• PROMPT: Output the data below exactly, without images.

• GIVEN MATERIAL:

▬▬▬▬▬▬

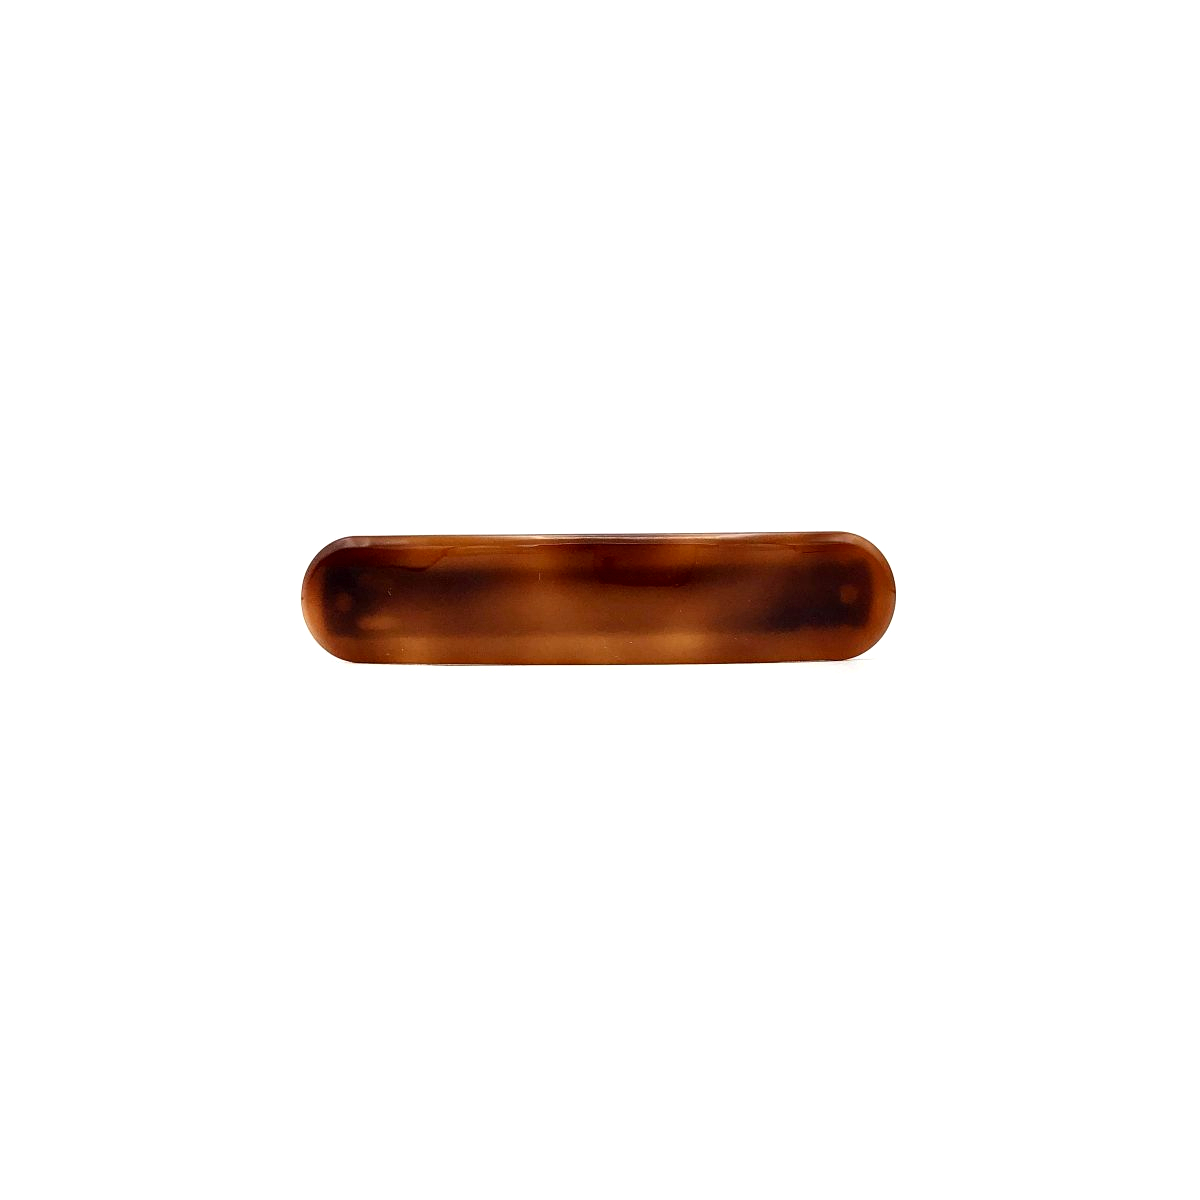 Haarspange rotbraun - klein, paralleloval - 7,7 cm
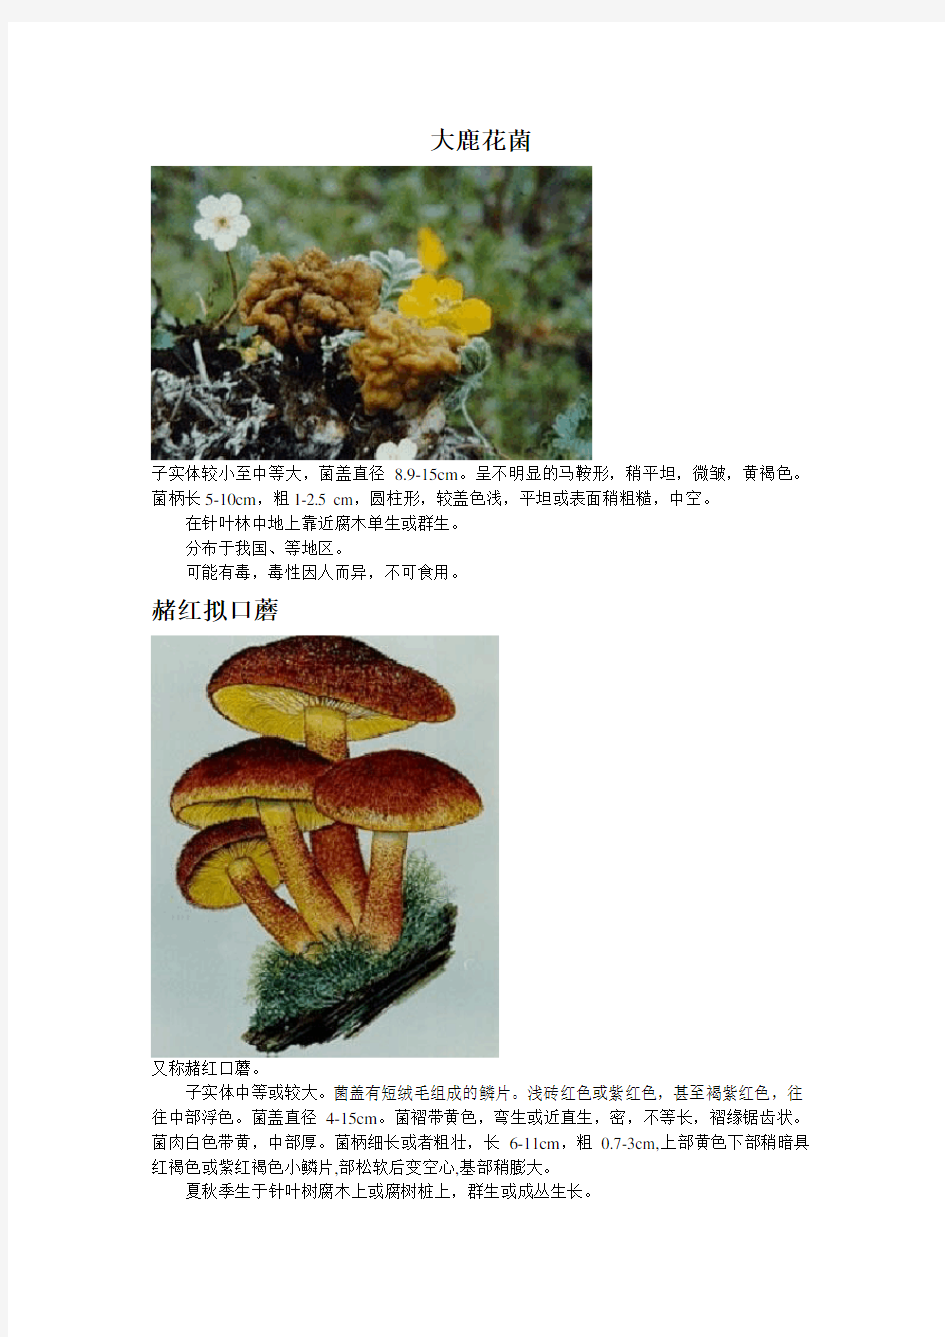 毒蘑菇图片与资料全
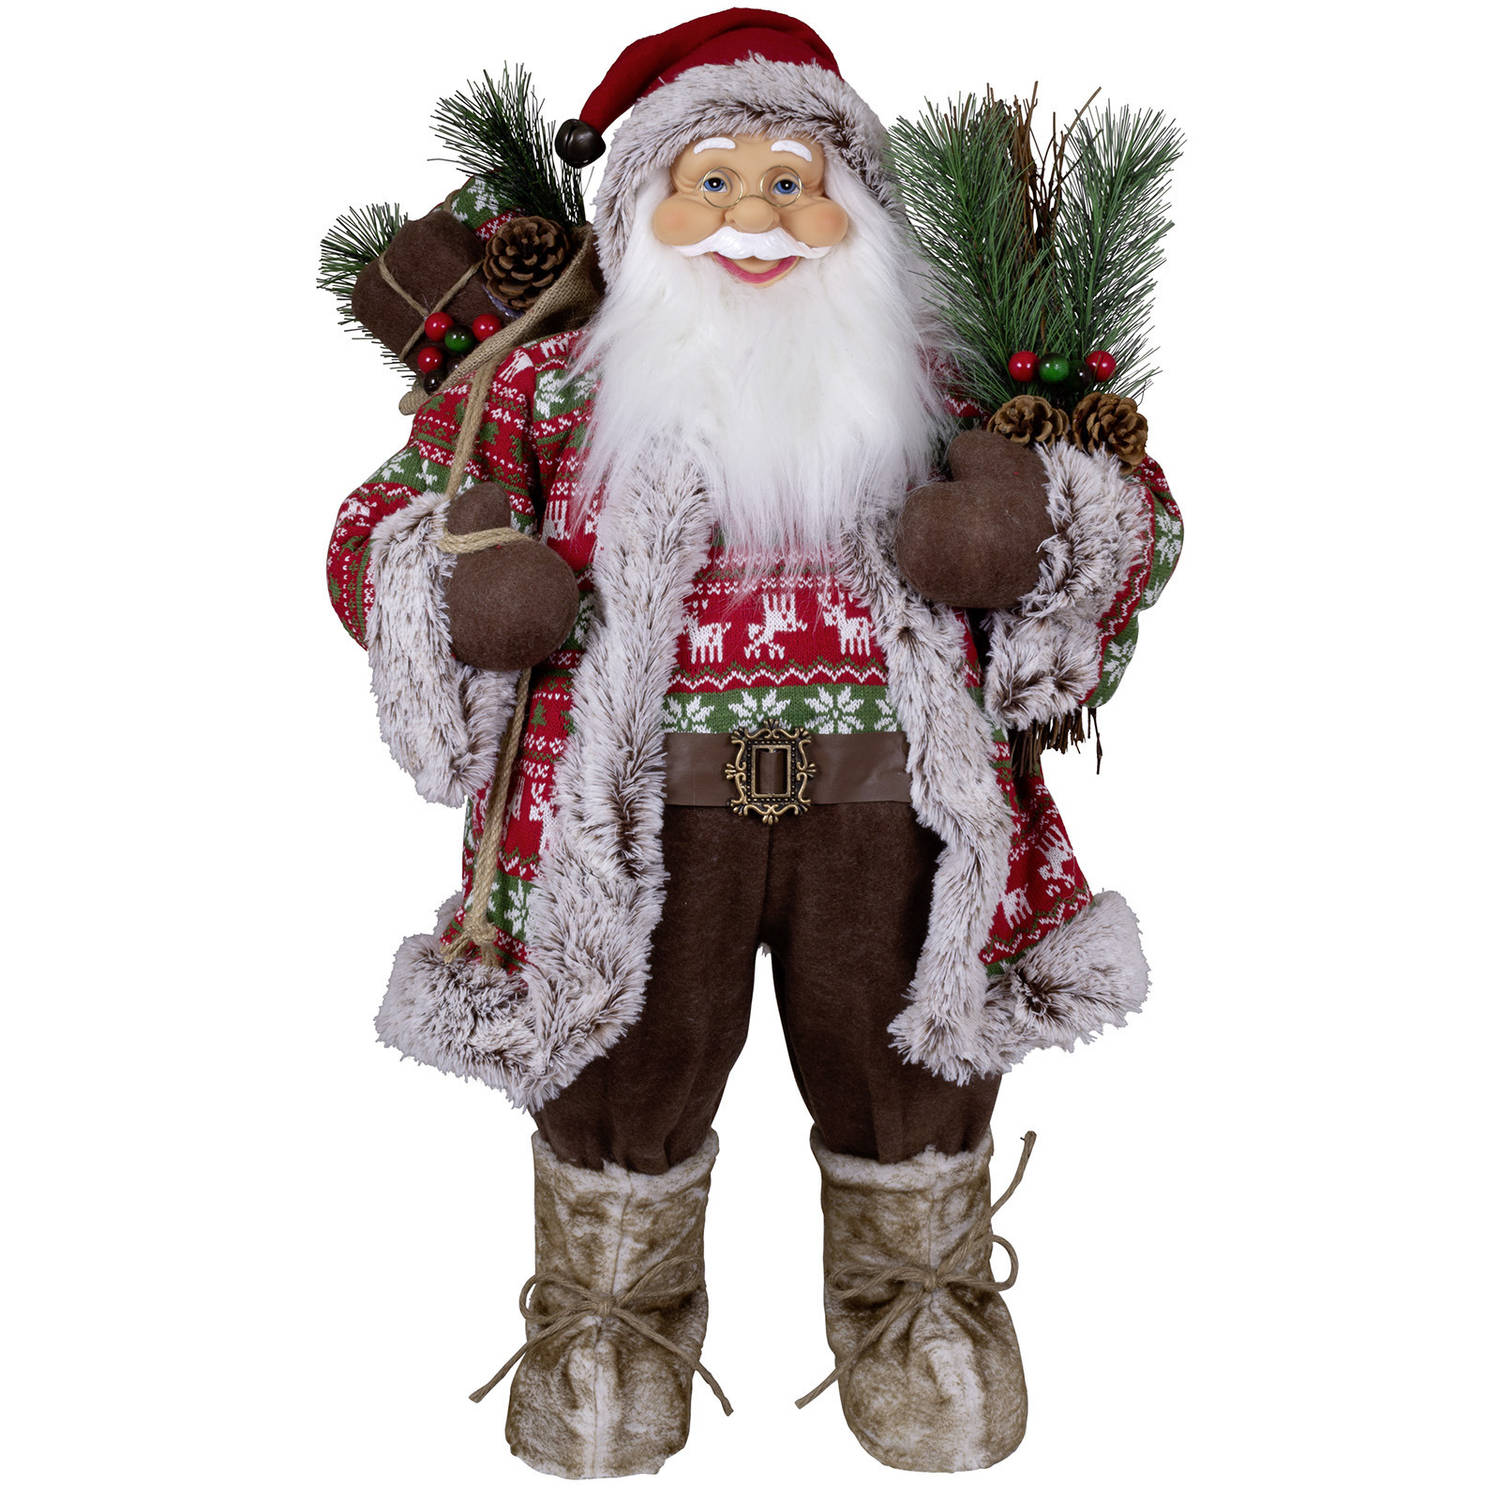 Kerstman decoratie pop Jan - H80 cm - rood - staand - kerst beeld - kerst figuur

▬▬▬▬▬▬

• SOLVED EXERCISE:
 Haarspange rotbraun - klein, paralleloval - 7,7 cm
 毒蘑菇图片与资料全
 Kerstman decoratie pop Jan - H80 cm - rood - staand - kerst beeld - kerst figuur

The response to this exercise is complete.